To help more and more investigators develop the skills needed to appropriately use the increasing number of large surgical data sets available, the editors of JAMA Surgery have commissioned this current series of statistical methodology articles. The series is aimed at providing a short, practical guide for academic surgeons and researchers in the use of the most widely available surgical data sets that can be used across the research continuum, from conceptualization to peer-reviewed publication. To achieve this, JAMA Surgery is pleased to partner with the Surgical Outcomes Club (http://www.surgicaloutcomesclub.com) to publish a series that will be instrumental in elevating the science used in surgical outcomes research.

This 13-part series provides a succinct overview of the 11 most widely used data sets1-11 (Box 1), their specific features, strengths, limitations, and some important statistical considerations. In addition, we present a 10-item checklist (Box 2) in this Editorial that authors can use to ensure that they have covered what is “at minimum” expected from a manuscript that uses 1 of these databases. Finally, we support this series with an Editorial12 by our biostatistician colleagues, who provide more in-depth information on statistical methodologies mentioned in the practical guides as well as potential pitfalls that need to be avoided. To ensure that these guides are truly practical and relevant, we have leveraged our partnership as the official journal of the Surgical Outcomes Club to develop a 3-person authorship team that includes (1) a surgeon investigator who is a senior member of the Surgical Outcomes Club with extensive experience using that particular data set; (2) a member of the JAMA Surgery Editorial Board who commonly reviews such manuscripts; and (3) a JAMA Surgery biostatistician who is routinely consulted to knowledgeably evaluate the methods for these types of papers (in some cases, the JAMA Surgery board member is also an expert methodologist, obviating the need for a biostatistician). This authorship strategy has ensured that each guide is presented in terms that are relevant to surgeons, even if they do not have previous experience with the biostatistics or the data set involved and includes basic information required to prepare a manuscript for the rigorous JAMA Surgery peer review process.

Box Section Ref ID
Box 1.

Databases Covered in This Series

  • Agency for Healthcare Research and Quality Healthcare Cost and Utilization Project databases: National Inpatient Sample, State Inpatient Databases, and Kids’ Inpatient Database1

  • Surveillance, Epidemiology, and End Results Program2

  • Medicare Claims Data3

  • Military Health System Tricare Encounter Data4

  • Veterans Affairs Surgical Quality Improvement Program5

  • National Surgical Quality Improvement Program6

  • Metabolic and Bariatric Surgery Accreditation and Quality Improvement Program7

  • National Cancer Database8

  • National Trauma Data Bank9

  • Society for Vascular Surgery Vascular Quality Initiative10

  • The Society of Thoracic Surgeons National Database11

Box Section Ref ID
Box 2.

Checklist to Elevate the Science of Surgical Database Research

  1. Have a solid research question and clear hypothesis. Consider using the FINER (Feasible, Interesting, Novel, Ethical, Relevant) or PICO (Patient, Population, or Problem; Intervention, Prognostic Factor, or Exposure; Comparison or Intervention; Outcome) criteria to develop these.

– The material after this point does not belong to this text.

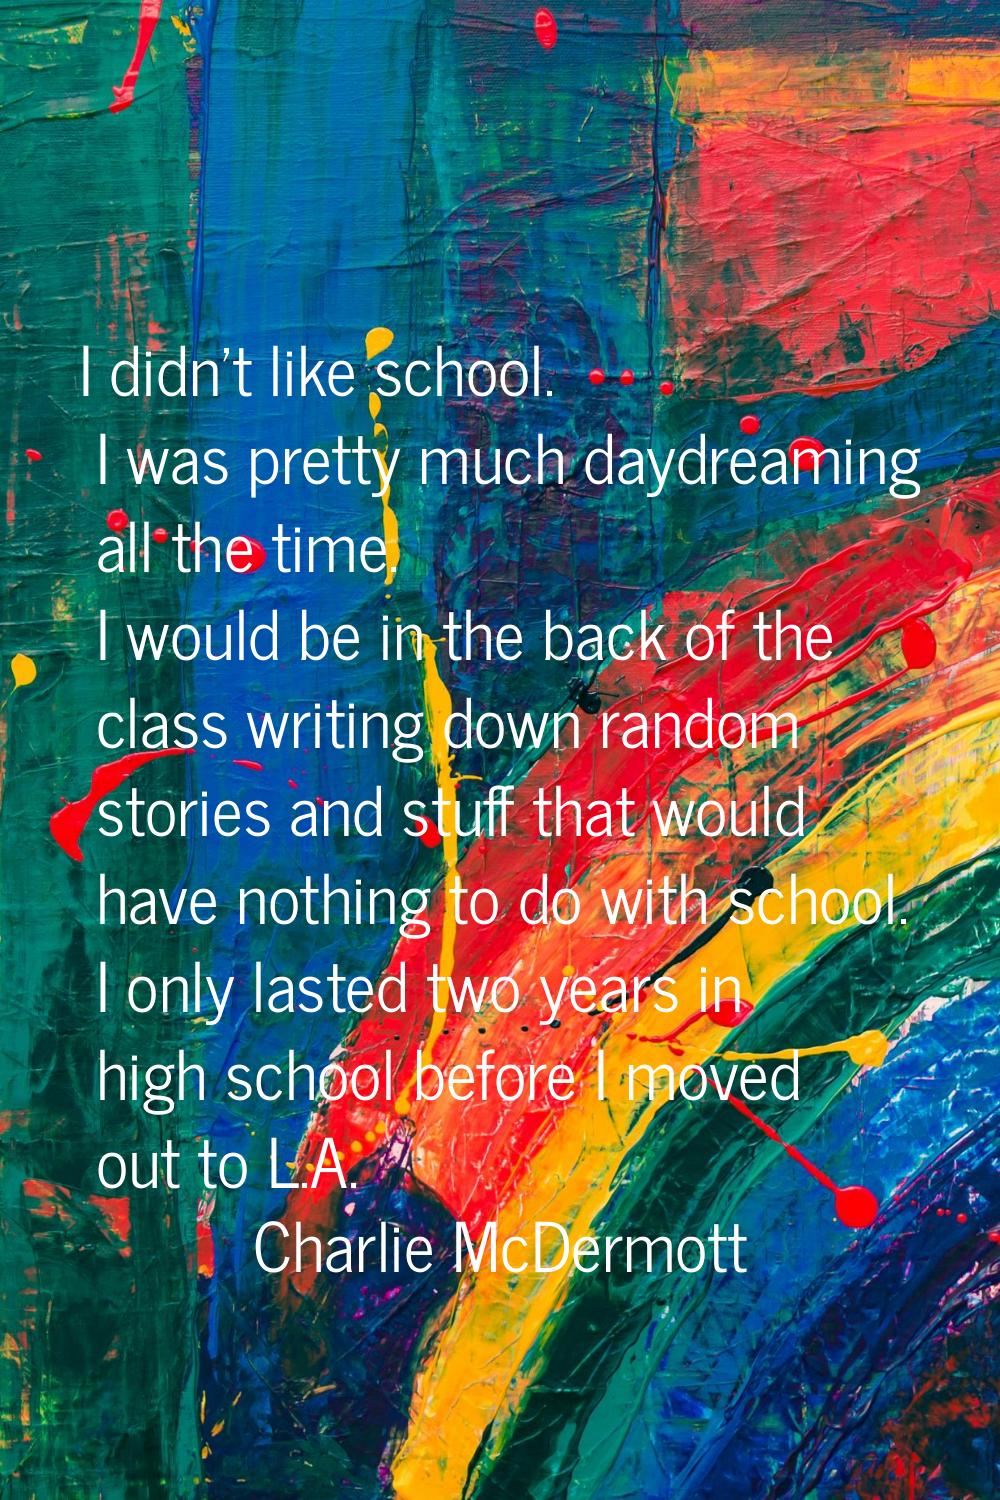 I didn't like school. I was pretty much daydreaming all the time. I would be in the back of the cla

  2. Ensure compliance with the institutional review board and data use agreements.

  3. Conduct a thorough literature review. Use a reference management program for ease in manuscript development.

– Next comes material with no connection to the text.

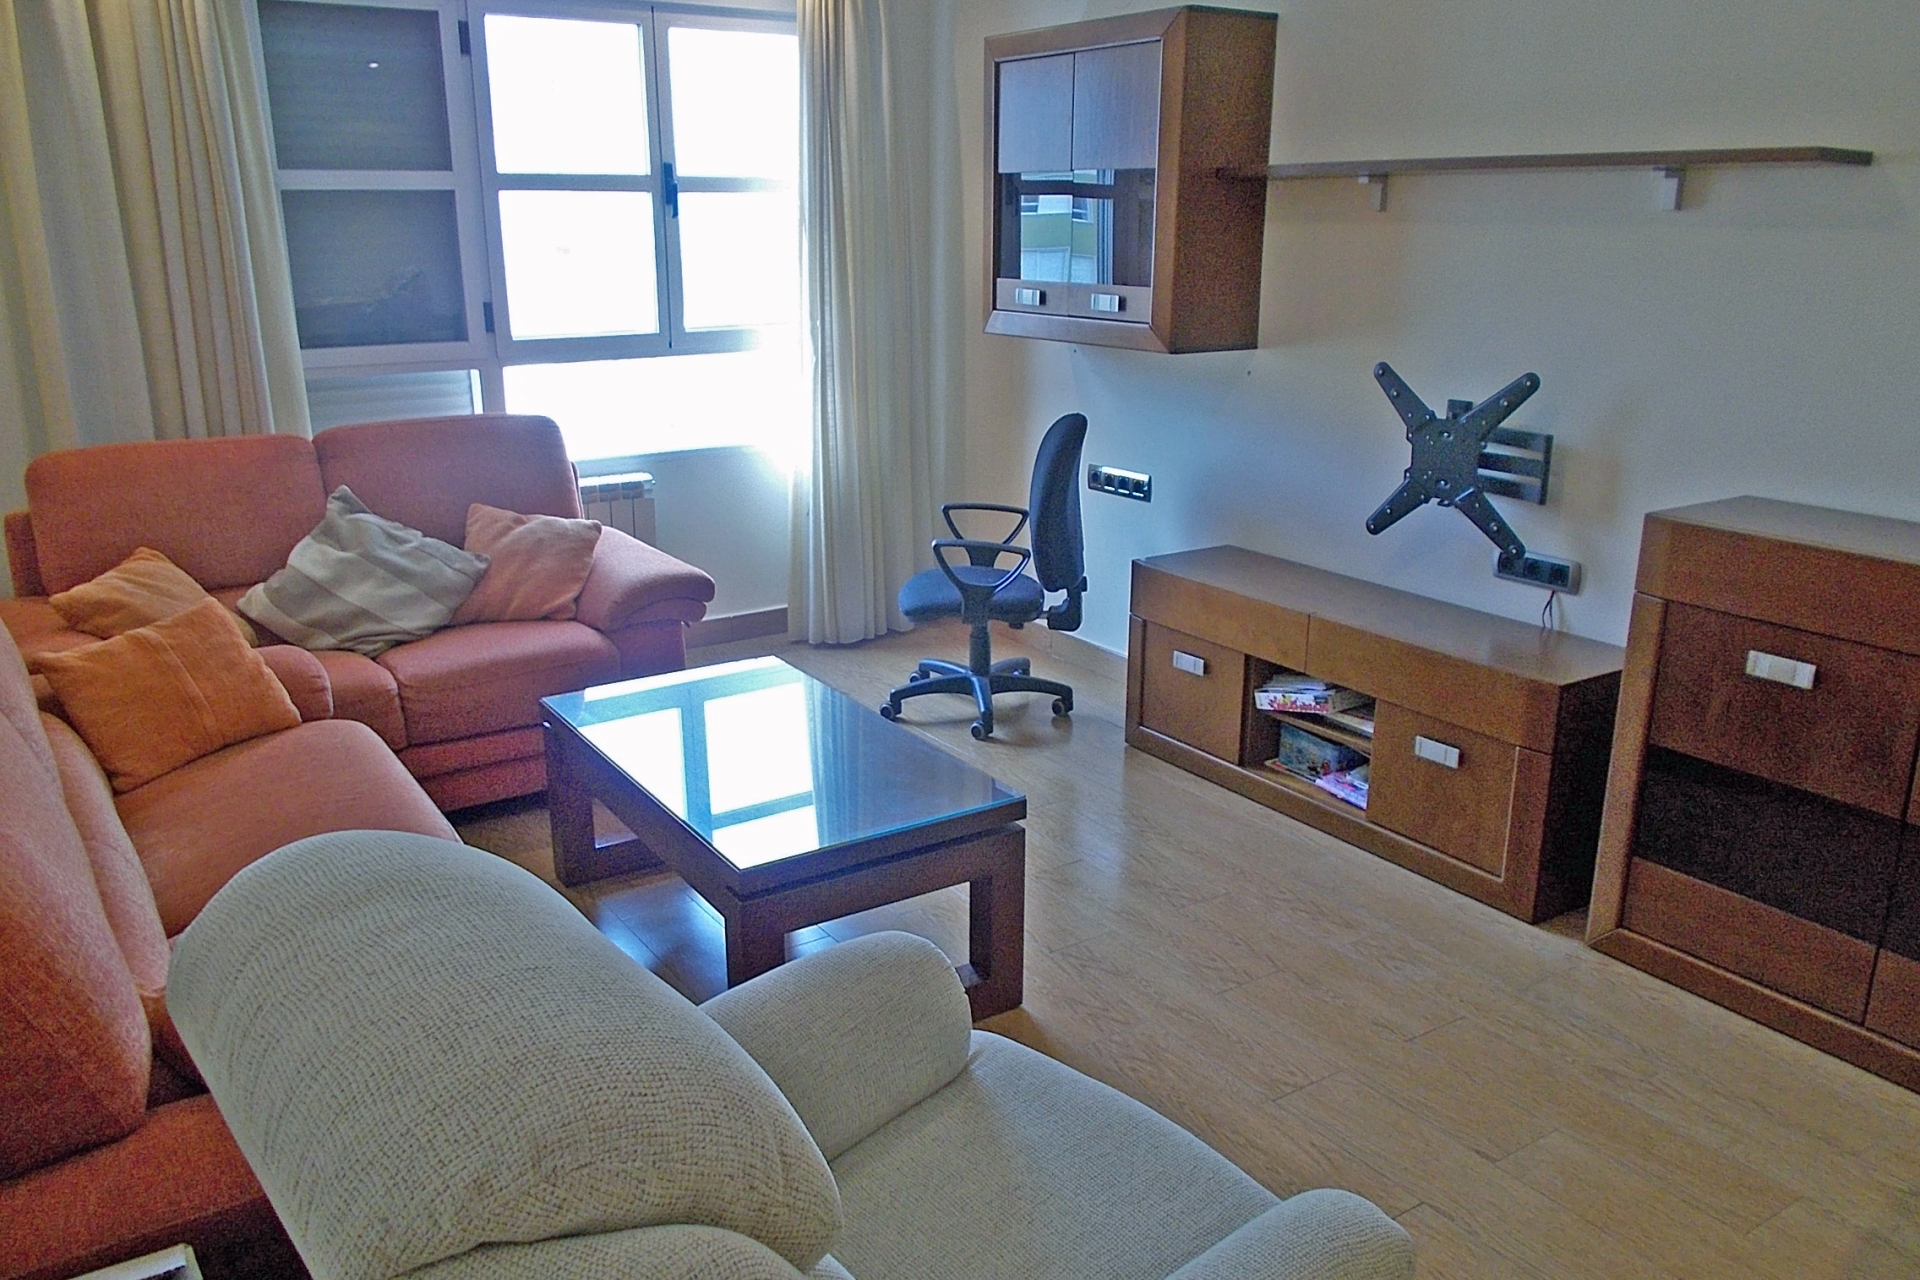 Property Sold - Apartment for sale - Yecla

  4. Make sure this is the best data set available and that it has the appropriate variables to answer your research question.

  5. Clearly define the inclusion criteria, exclusion criteria, and outcome variables. Use a flow diagram to describe final patient selection.

  6. Identify potential confounders and use risk adjustment to minimize bias. Consider using a directed acyclic graph to represent potential associations. Avoid use of causal language in reporting results of these observational studies.

  7. Ensure that the data variables have not changed over time. If so, account for this.

  8. Ensure that competing risks are identified and addressed.

  9. Ensure that data issues, such as missing data, are discussed and that any sensitivity analyses or imputations performed are reported in a clear and cohesive way.

  10. Ensure that your article has a clear take-home message that addresses how your research advances current knowledge and has important policy or clinical implications.

To help authors improve the quality of their submissions, we have developed a 10-item checklist (Box 2). The first item in our checklist encourages authors to pursue hypothesis-driven science. Defining a solid research question is key to translating a problem into an operational hypothesis. The FINER (Feasible, Interesting, Novel, Ethical, Relevant) criteria or the PICO (Patient, Population, or Problem; Intervention, Prognostic Factor, or Exposure; Comparison or Intervention; Outcome) format can help develop a meaningful research question.13,14 Adequately defining the population of interest lays a solid groundwork for the interpretation, applicability, and generalizability of the research findings. We understand that in many cases, authors may be using these large databases for “hypothesis-generating” research. That is of course acceptable, but one must start with a solid research question to conduct a meaningful research project that will generate important hypotheses from the large data sets that can then be further studied with translational or prospective approaches. Some authors ask if it is acceptable to try and see what they can find in a data set that they may have access to without a real research question. This is never acceptable.

Second, we remind authors to seek approval or an exemption from an institutional review board and to properly document and comply with applicable data use agreements. These are often overlooked, but compliance with applicable rules are necessary for patient privacy and a variety of important reasons. Third, a thorough literature review will assist in making sure the best database is selected to answer research questions and to make sure the research question has not been previously answered. Fourth, we encourage authors to invest enough time early on to get to know the database, confirm that it has the appropriate variables, and understand methodological considerations to make sure this is the best data set available for the study. Fifth, a clear definition of the inclusion and exclusion criteria, as well as outcome variables, is necessary for reviewers and readers to understand the population under study. This also helps facilitate data query and extraction of a complete and useful data set.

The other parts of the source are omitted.